▸ **YOUR TASK**: Copy the data exactly. Images are to be left out.

▸ **DATA EXTRACT**:
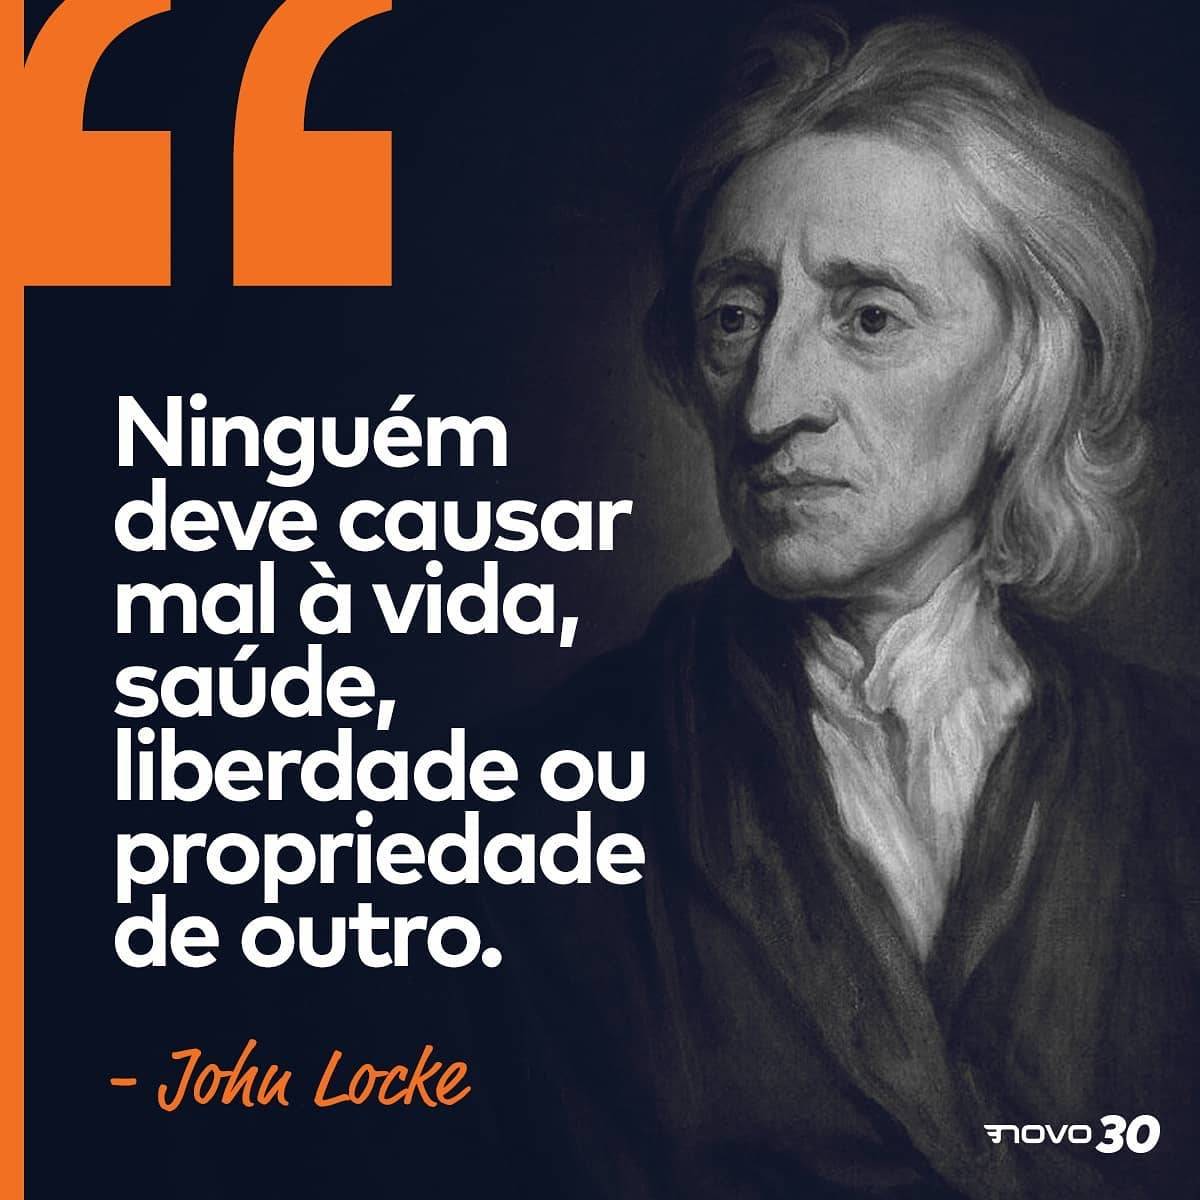 John Locke - NOVO
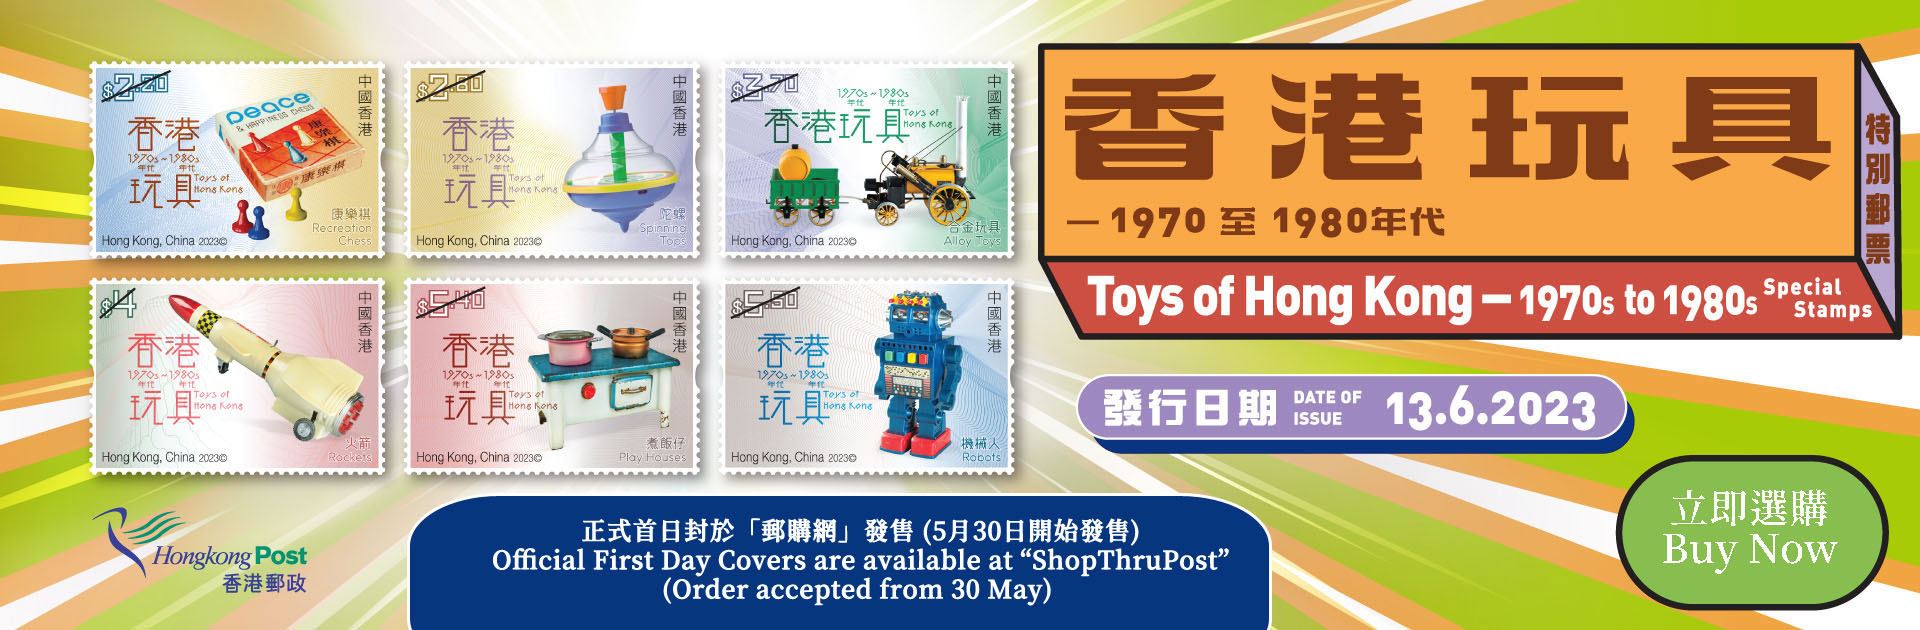 香港郵政發行「香港玩具 1970 至 1980 年代」特別郵票
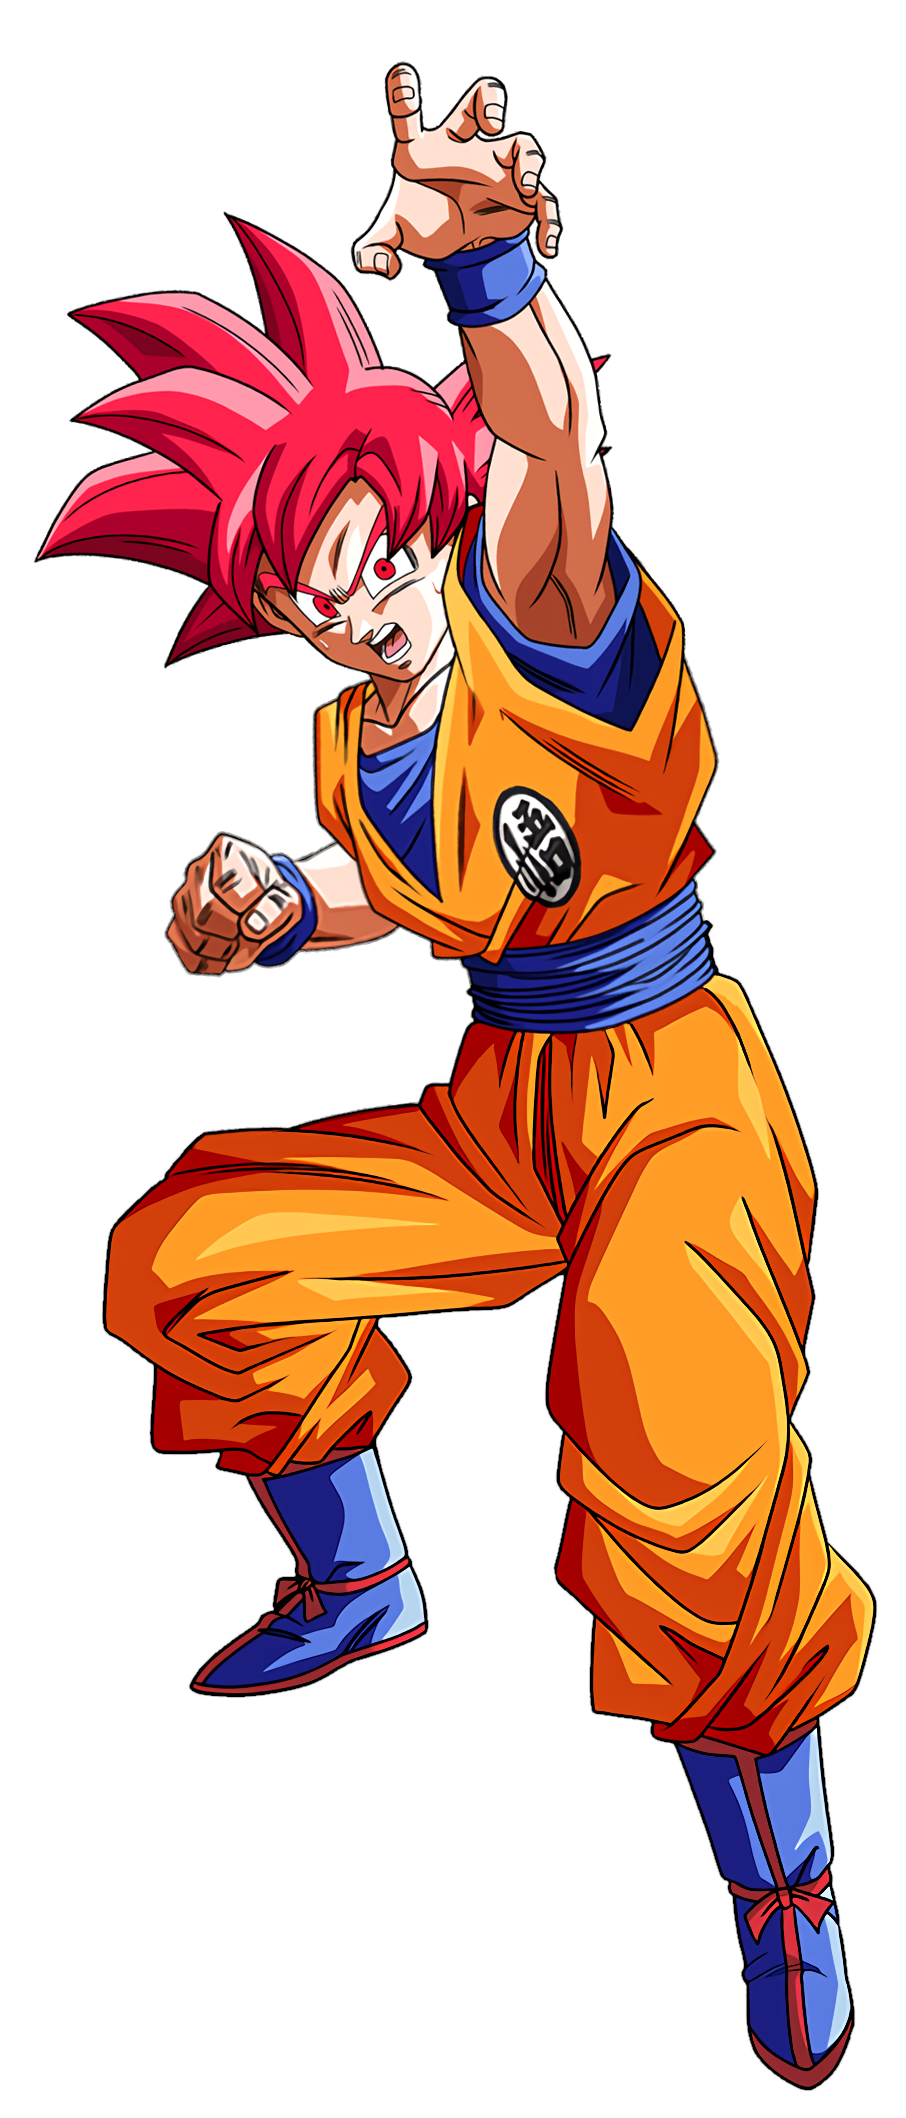 Super Saiyan God Super Saiyan Goku by spriteman1000 on DeviantArt
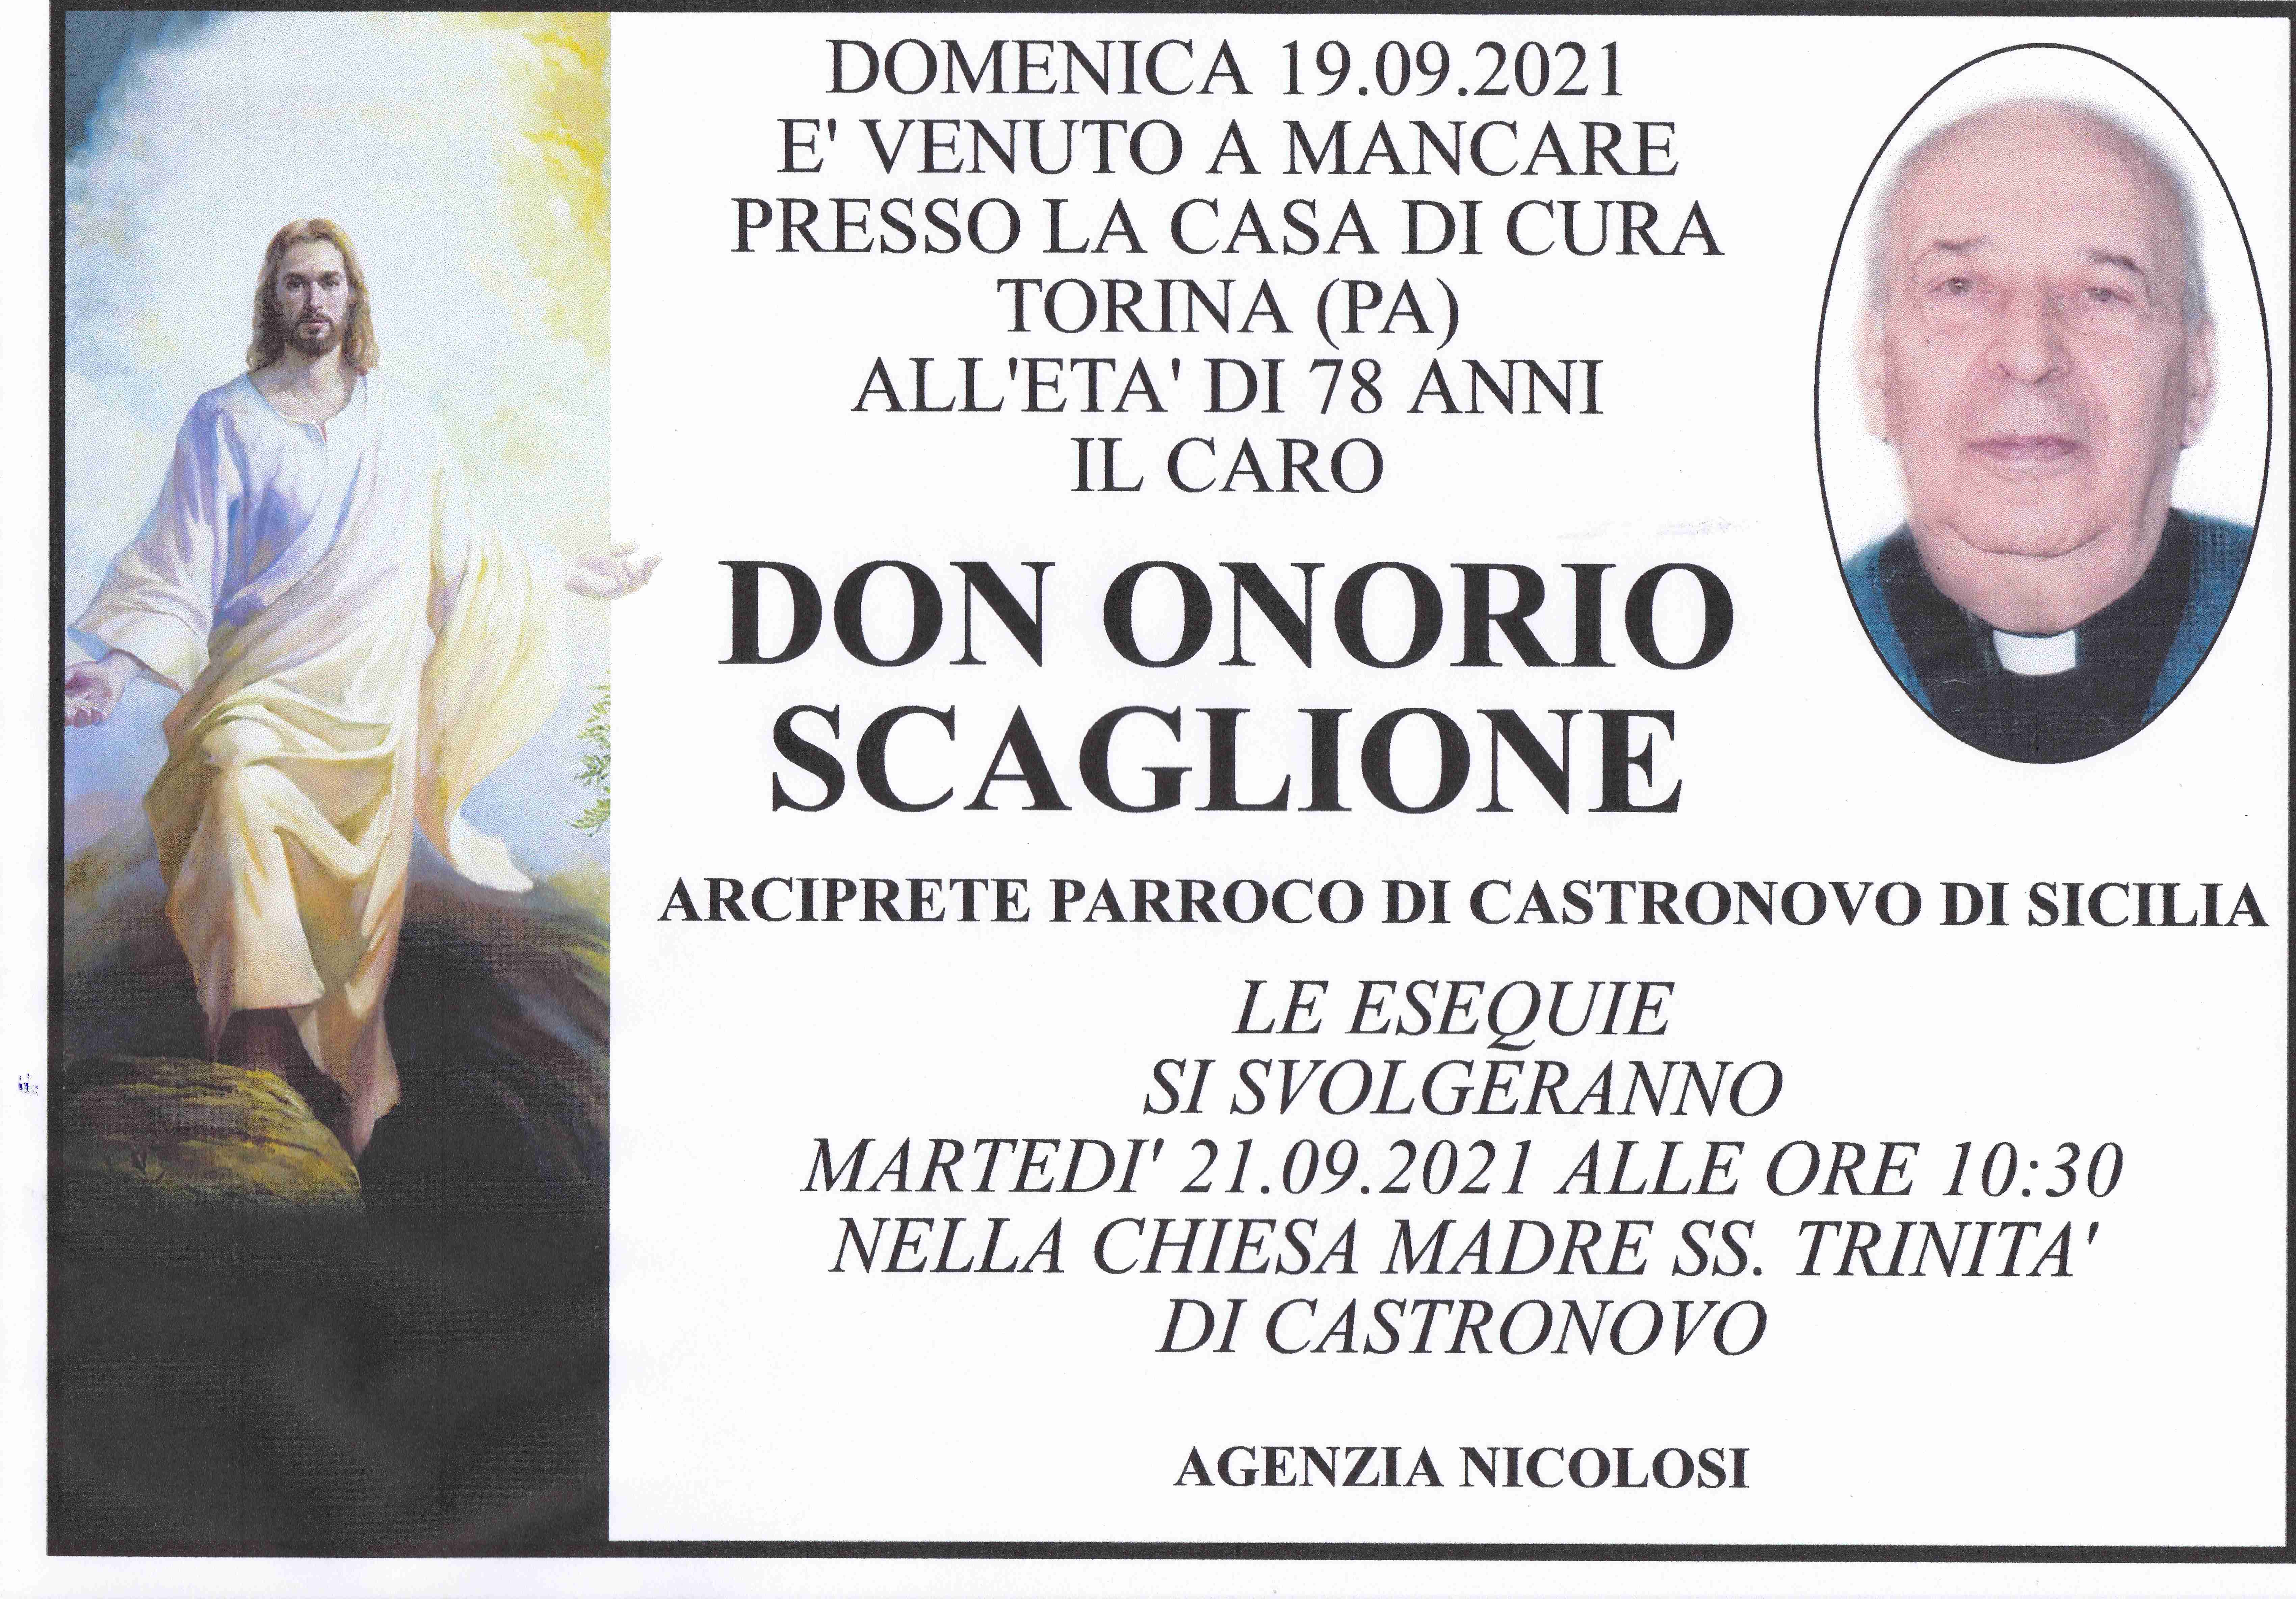 Don Onorio Scaglione

▸ **ANSWER TO THE PROBLEM**:
 John Locke - NOVO
 香港郵政發行「香港玩具 1970 至 1980 年代」特別郵票
 Super Saiyan God Super Saiyan Goku by spriteman1000 on DeviantArt
 Don Onorio Scaglione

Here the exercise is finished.